In the example of FIG. 1, only a vector processing unit 112 is shown as providing storage for loading data into the MXUs 114. However, in other examples, it should be recognized that additional or alternative structures may be provided for loading data into one or more of the MXUs 114. For example, one or more matrix registers may be provided to hold an entire matrix and feed the entire matrix into the MXUs 114. In some instances, data may be cycled through the MXUs 114 and back to the matrix registers. Additionally, one or more holding registers communicatively positioned between the vector processing unit 112 and the matrix registers may be provided. The holding registers may provide additional functionality, such as converting input data between formats, such as from a data type that is not supported by the MXUs 114 to a different data type that is supported by the MXUs 114. Furthermore, the MXUs 114 can be loaded with the same workload or with separate workloads, in parallel such as for partitions of a matrix or for handling different workloads, in along a processing pipeline.

The matrix transpose unit 116 may be connected to the vector processing unit 112 or other registers in order to receive a source matrix for transposition. The received matrix may be transposed and then the transposed matrix is returned to the vector processing unit 112 or other registers from which the matrix was received. Alternatively, the matrix transpose unit 116 may pass the transposed matrix to a different destination, such as a matrix multiplication unit 114 or a different set of registers. In some examples, it may be possible for the registers themselves or other components positioned along a communication path between the vector processing unit 112 and the MXU 114 to function as the matrix transpose unit 116. In these examples, the received matrix can be transposed from either row-major or column-major format into the transposed matrix, meaning that pre-processing is not required in order to perform the transposition.

The memory 120 may be configured to store either one or both of data and instructions for operating the system 100. Data stored in the memory 120 may include the data from which the data elements of the matrices may be constructed, data indicating results of matrix processing such as matrix multiplication results, or other data. Instructions stored in the memory 120 may include instructions for signals to be provided to the matrix transpose unit 116 in order to properly process the data elements of the matrices, as described herein. In some examples, the memory 120 may be a high bandwidth memory (HBM) having a high throughput for efficient processing.

The network connections 130 may facilitate communication between components of the system 100. For example, the network connections 130 may connect the one or more processors 110 and memory 120 to external components of the system. The network connections 130 may facilitate receiving data or instructions from the external components, or reporting data results to the external components. In the case of a neural network accelerator, such instructions and data may include training input and model parameters for processing, and the outputs may include a result of processing the inputs.

FIG. 2 is a diagram illustrating a data flow within a matrix transpose unit 200, such as the matrix transpose unit 116 of FIG. 1. In the example of FIG. 2, the matrix transpose unit 200 receives a source matrix 201 from a source location. The source matrix may contain an array of data elements, each data element having the same bit width, such as 8 bits, 16 bits or 32 bits. Data elements may be stored within the rows and columns of the source matrix. For each column of the matrix, the number of data elements present in the matrix may depend on the bit width of the elements, whereby a smaller bit width may permit more elements to be packed within the matrix.

In the case of data elements having a small bit width, e.g., 8 bits, in order to process the matrix at the same speed as one with data elements of a larger bit width, it may be necessary to move multiple elements in the same row within the same cycle. Take, for instance, two adjacent elements packed into row i at respective columns j and j+1. In a transpose operation, the data element at (i,j) will be transposed to (j,i) in the result matrix 202, and the data element at (i,j+1) will be transposed to (j+1,i) in the result matrix. In other words, the two elements were originally in different columns of the source matrix 201 but must be transported to the same column of the result matrix 202. This means that moving both data elements over the communication path of the matrix transpose unit 200 would typically require both data elements to be produced on the same half of the communication path data bus, resulting in a data conflict.

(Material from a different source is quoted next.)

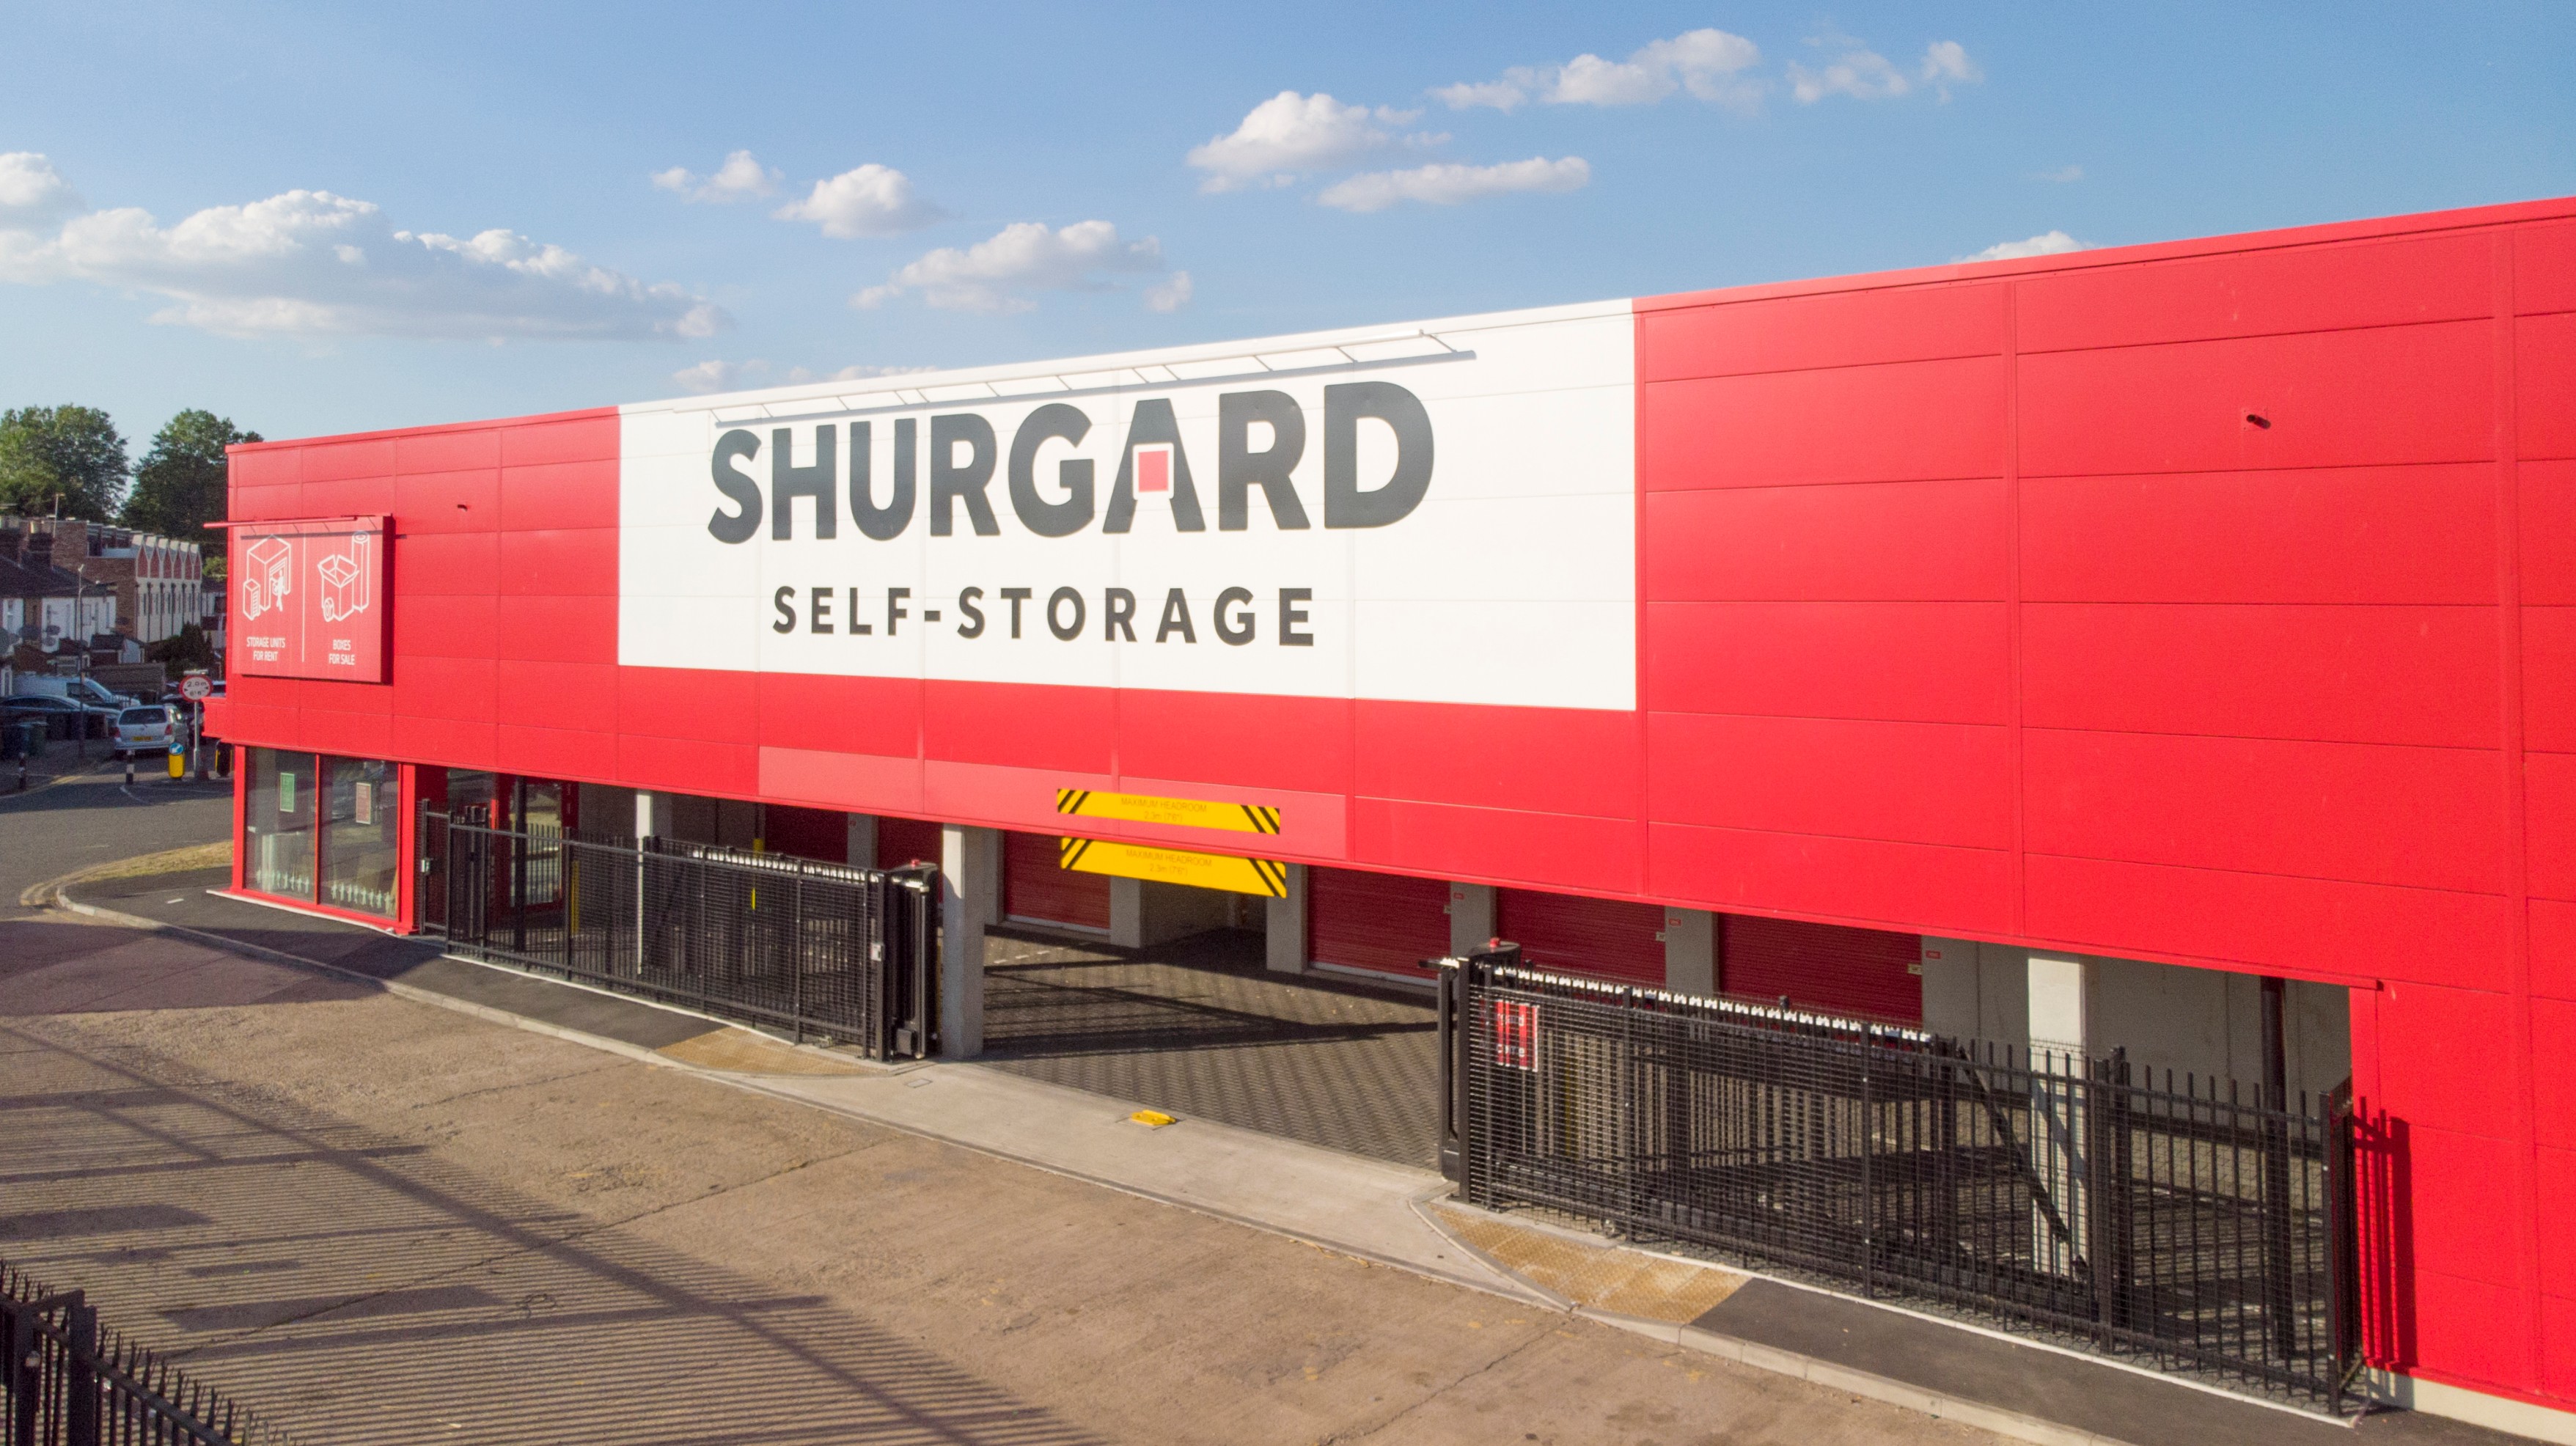 Images Shurgard Self Storage Harrow

The data flow in FIG. 2 avoids the aforesaid data conflict by first performing a swizzle 210 operation, in which one of the data element at (i, j) or the data element at (i,j+1) is moved to a different portion of the communication path so that the two data elements no longer occupy the same portion of the communication path. Next, a datapath communication 220 operation is performed in which the data elements are moved from the source matrix 201 to the destination matrix 202 in their transposed form. Finally, before the data elements can be produced at the result matrix in their correct locations, whichever of the data elements that was moved to a different portion of the communication path must be moved back to its original location so that it arrived at the correct cell of the result matrix 202. This is accomplished through an unswizzle operation 230, which is effectively the inverse operation from that of the swizzle operation 210 performed on the source matrix side of the communication path. Finally, the data elements, which have undergone both reordering and an undoing of the reordering, are provided to the result matrix 202 in their transposed form.

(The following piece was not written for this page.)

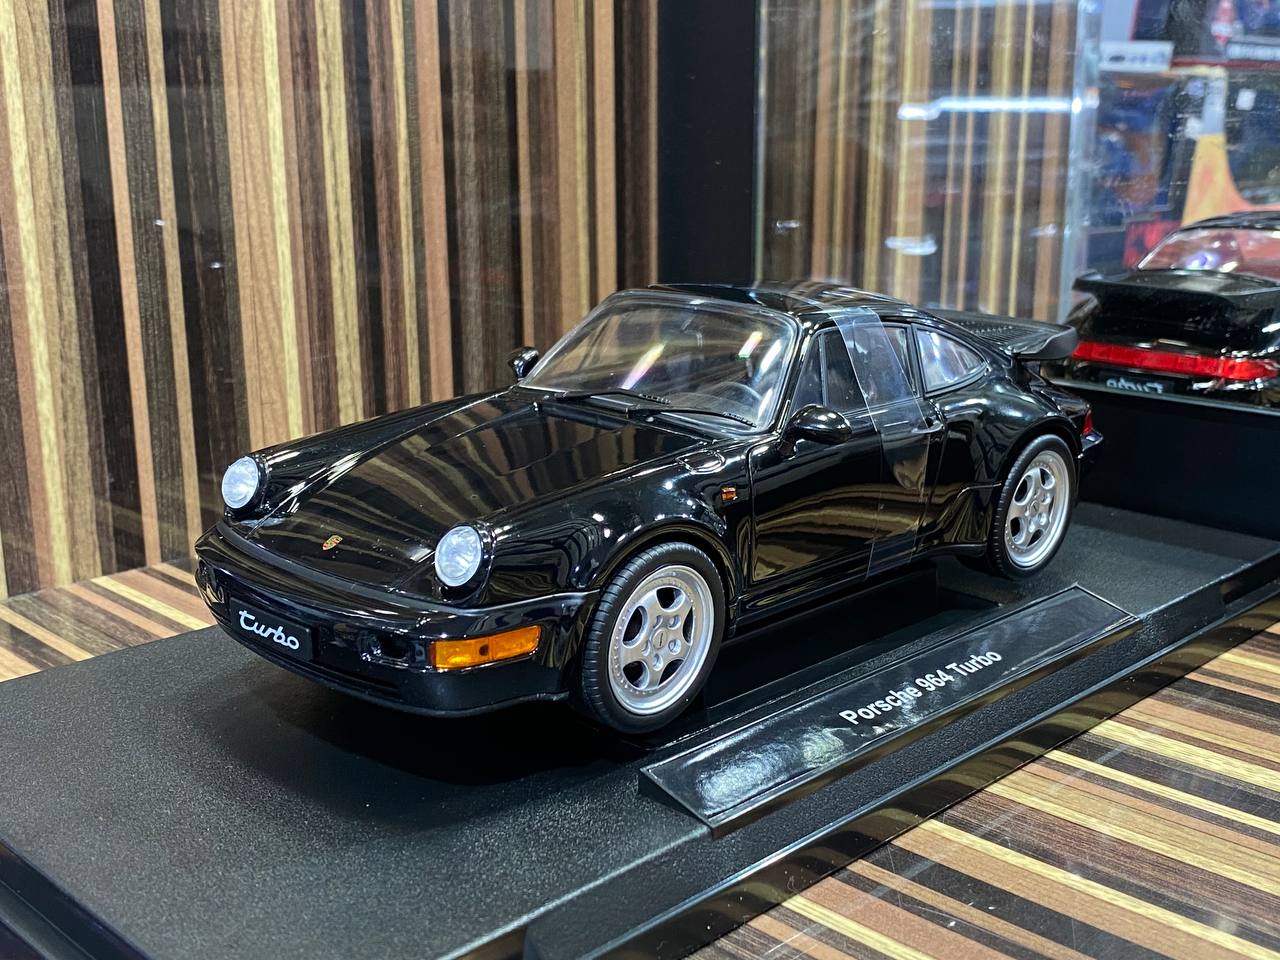 1/18 Welly Metal Diecast - Porsche 964 Turbo in Sleek Black|Sold in Dturman.com Dubai UAE.

FIG. 3 is a diagram showing an example of a swizzle operation 300, such as the swizzle 210 operation of FIG. 2 in greater detail. It should be understood that the principles shown in FIG. 3 are similarly applicable to the unswizzle 230 operation shown in FIG. 2, but in the inverse form.

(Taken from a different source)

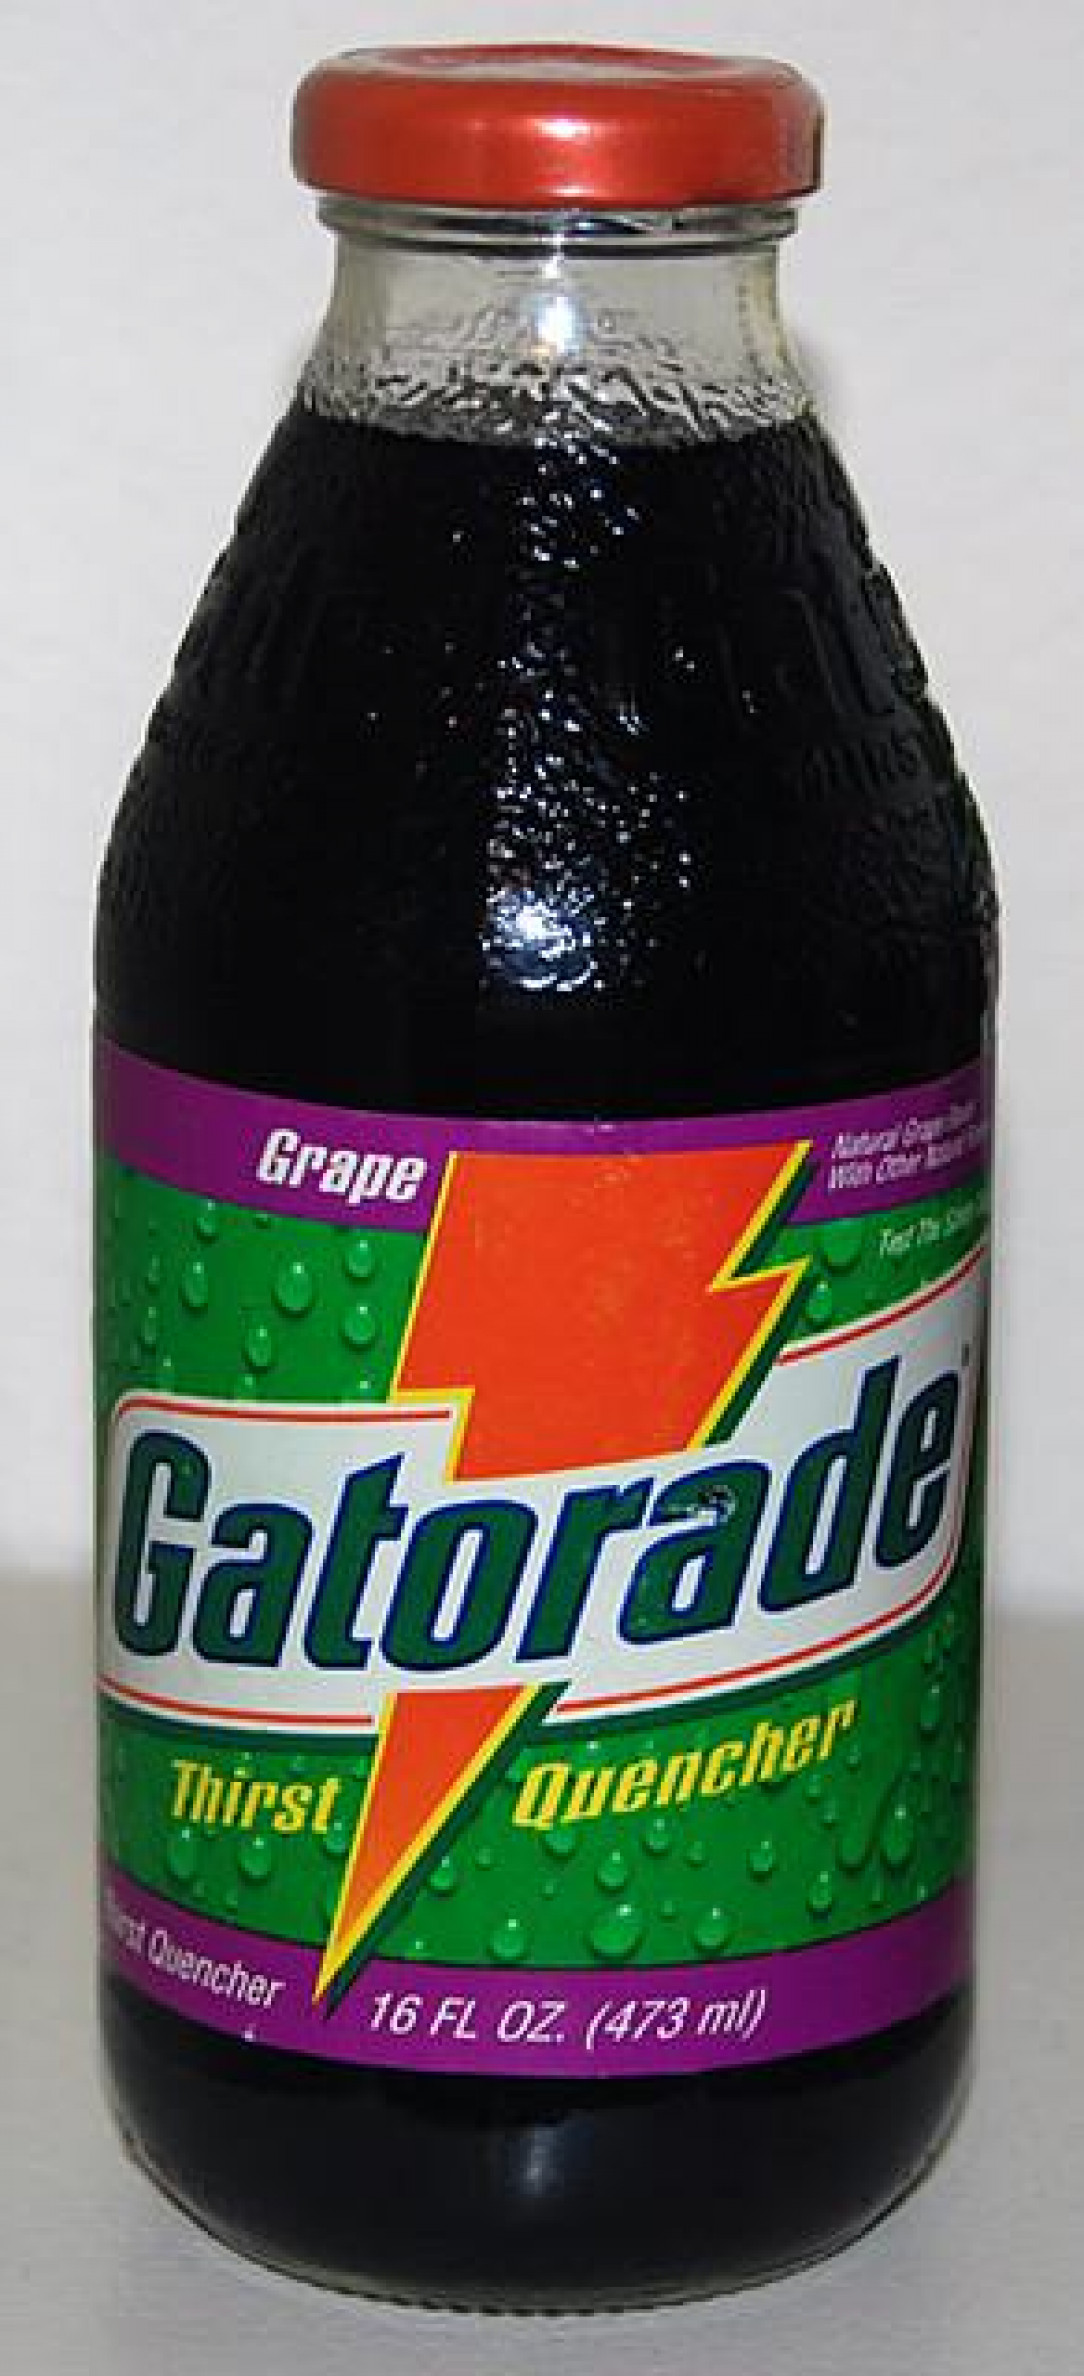 Does anyone remember glass Gatorade bottles?

In the example of FIG. 3, a matrix transpose unit, e.g., matrix transpose unit 116 as shown in FIG. 1, performs the swizzle operation 300. The matrix transpose unit 116 includes a pair of crossbars, although in other examples a different number of crossbars, such as one, four, eight and so on, may be implemented. Each crossbar is connected to a respective set of switching elements 310, 320 that are capable of receiving a set of inputs and outputting the same set of elements in a different order. In some examples, the set of switching elements 310, 320 may include a sufficient number of switching elements in order to change the order of data elements to any desired order or arrangement. In the example of FIG. 3, the switching elements are shown as multiplex switches 312, 322. Each multiplex switch can receive multiple data inputs and a switching instruction capable of directing the multiplex switch to selectively output the multiple inputs in a particular order. By outputting the data inputs in a certain order, the data inputs can be reordered. The reordered data inputs may then be provided to different portions of the communication datapath of its respective crossbar in such a manner that data elements being provided to the same column of the result matrix are positioned in different non-overlapping portions of the data bus, thereby avoiding a data conflict when moving the data elements over the communication datapath towards the result matrix.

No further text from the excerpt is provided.